WHAT THE TASK ASKS:
An exact copy of all the data is required, with pictures left out.

RAW DATA:
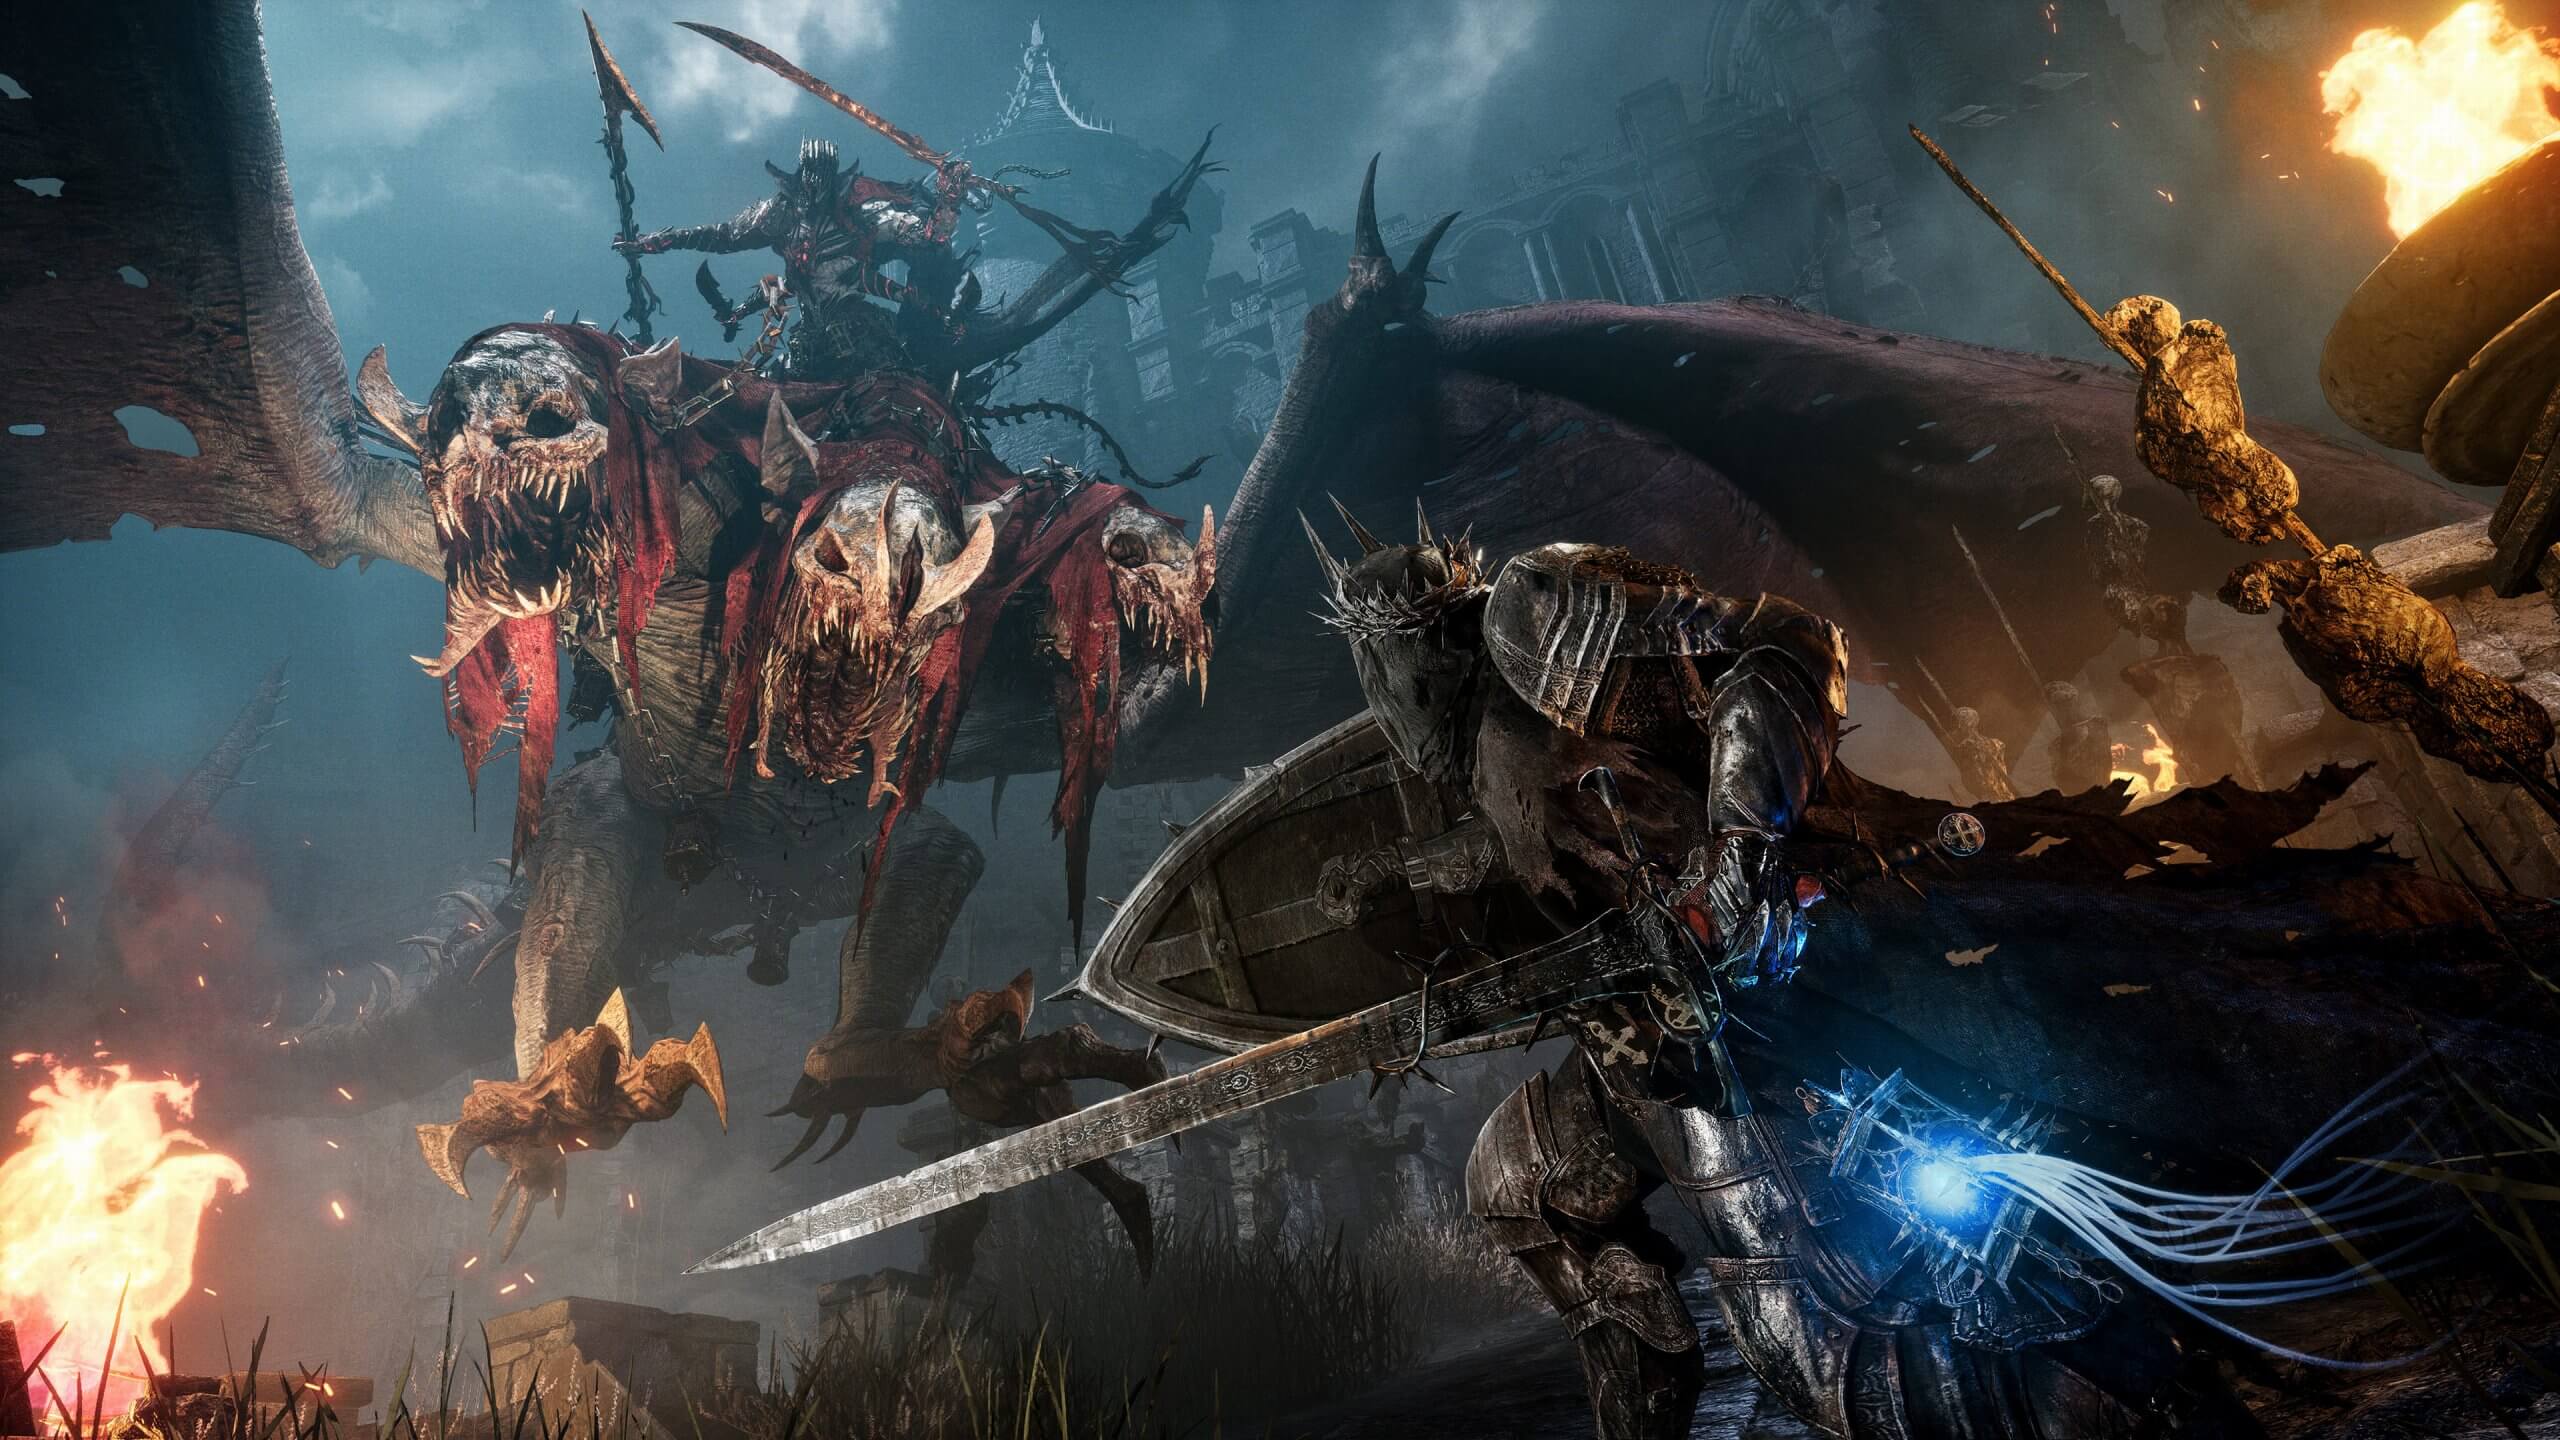 Lords of the Fallen Update 1.021 for Patch Version 1.1.379 Smashed
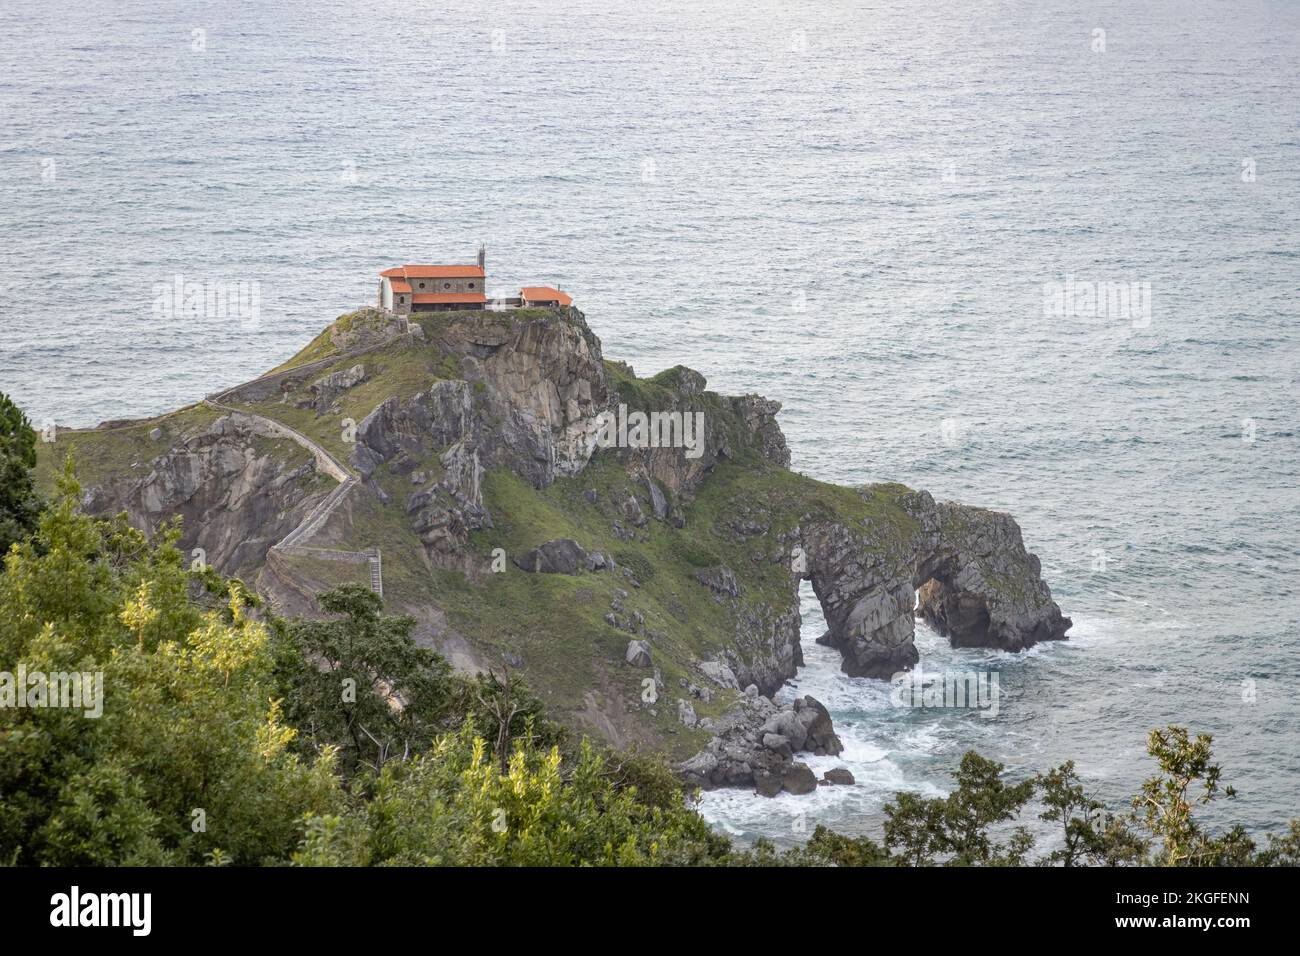 Aerial view of Island (Islet) and the Gaztelugatxe temple in twilight.  Bermeo, Basque Country (Spain). Dragonstone. Stock Photo
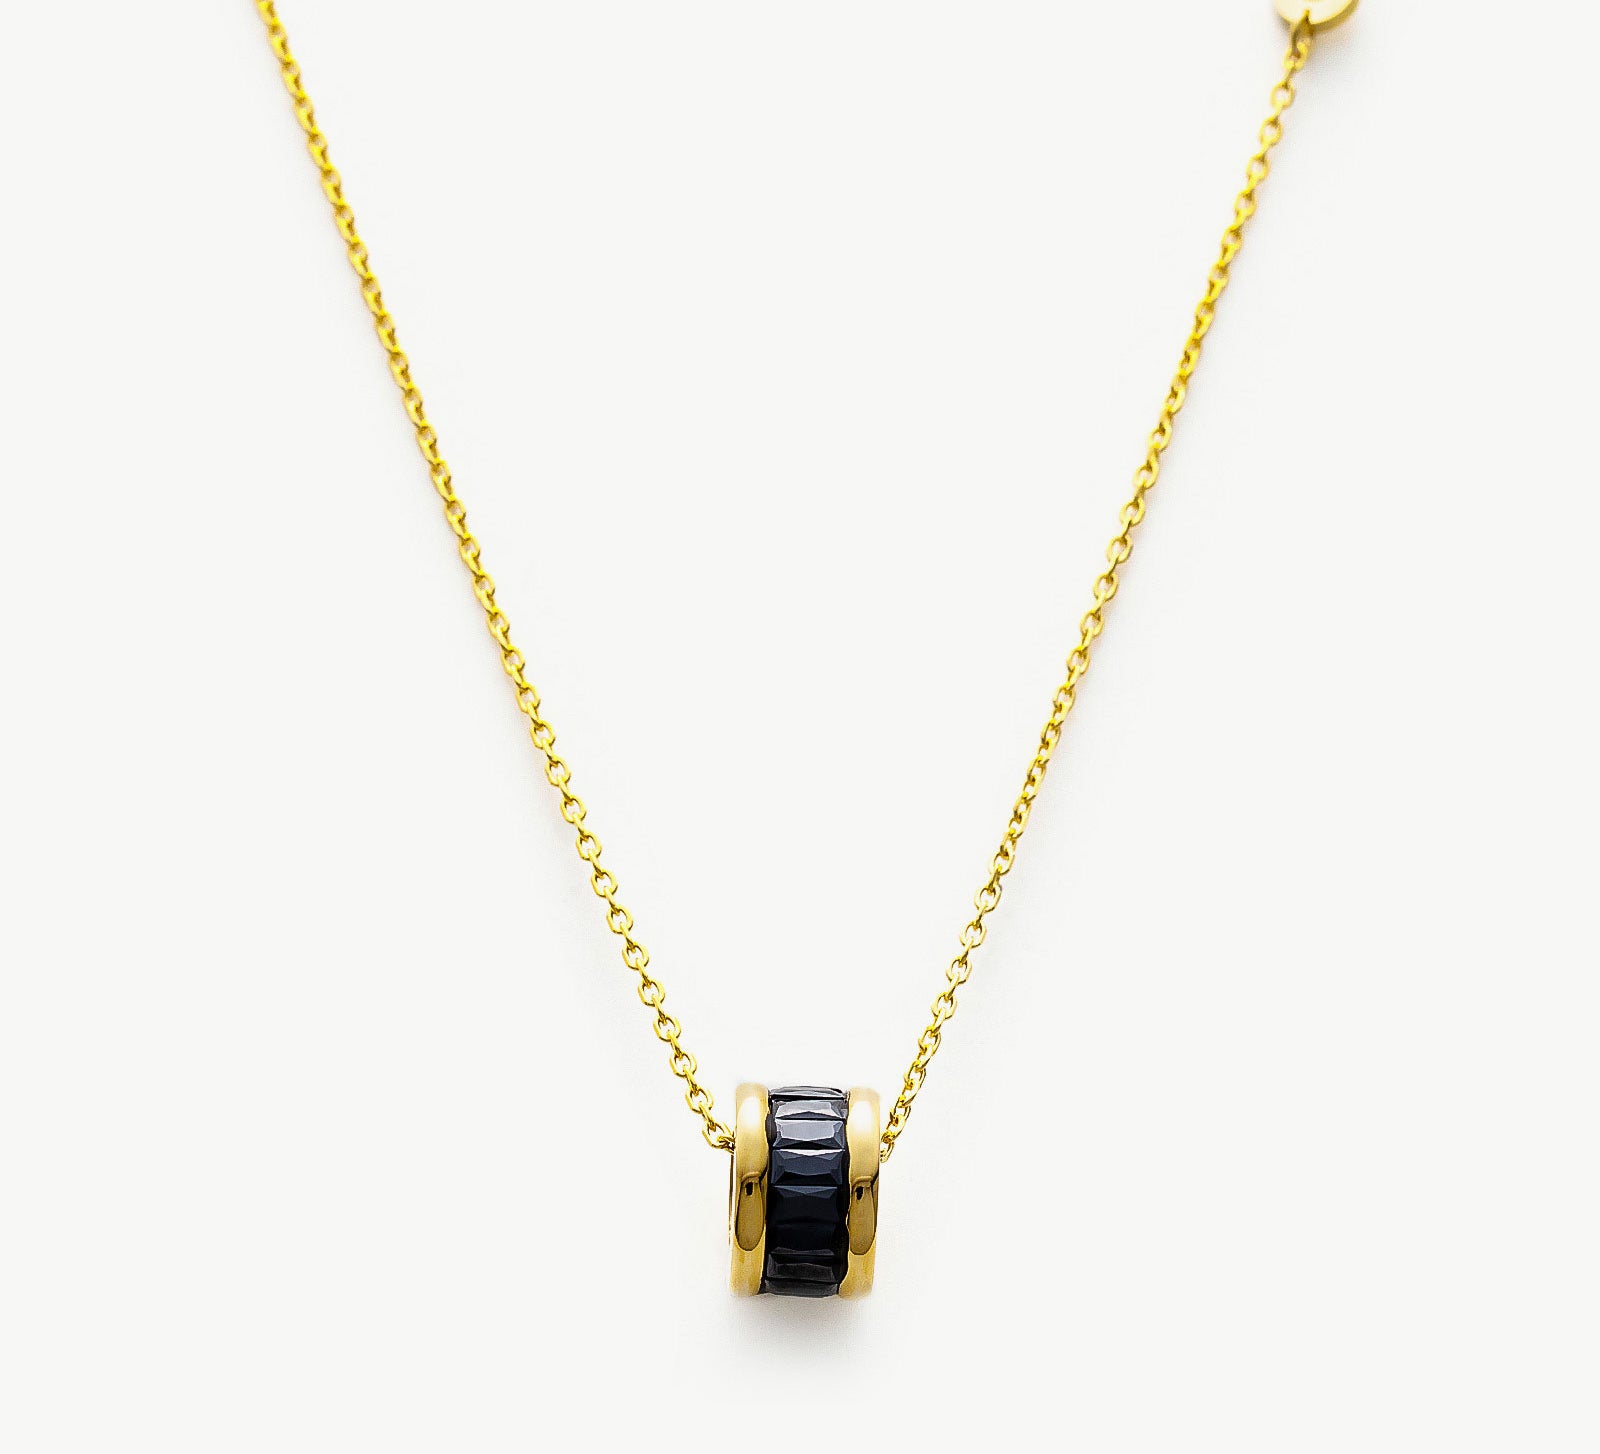  Black Ring Pendant Chain Necklace, a chic and versatile piece with a bold contrast, featuring a black ring pendant suspended from a delicate chain, adding a touch of modern sophistication to your neckline

FINAL ANSWER:
 Lords of the Fallen Update 1.021 for Patch Version 1.1.379 Smashed
 Aerial view of Island (Islet) and the Gaztelugatxe temple in twilight.  Bermeo, Basque Country (Spain). Dragonstone. Stock Photo
  Black Ring Pendant Chain Necklace, a chic and versatile piece with a bold contrast, featuring a black ring pendant suspended from a delicate chain, adding a touch of modern sophistication to your neckline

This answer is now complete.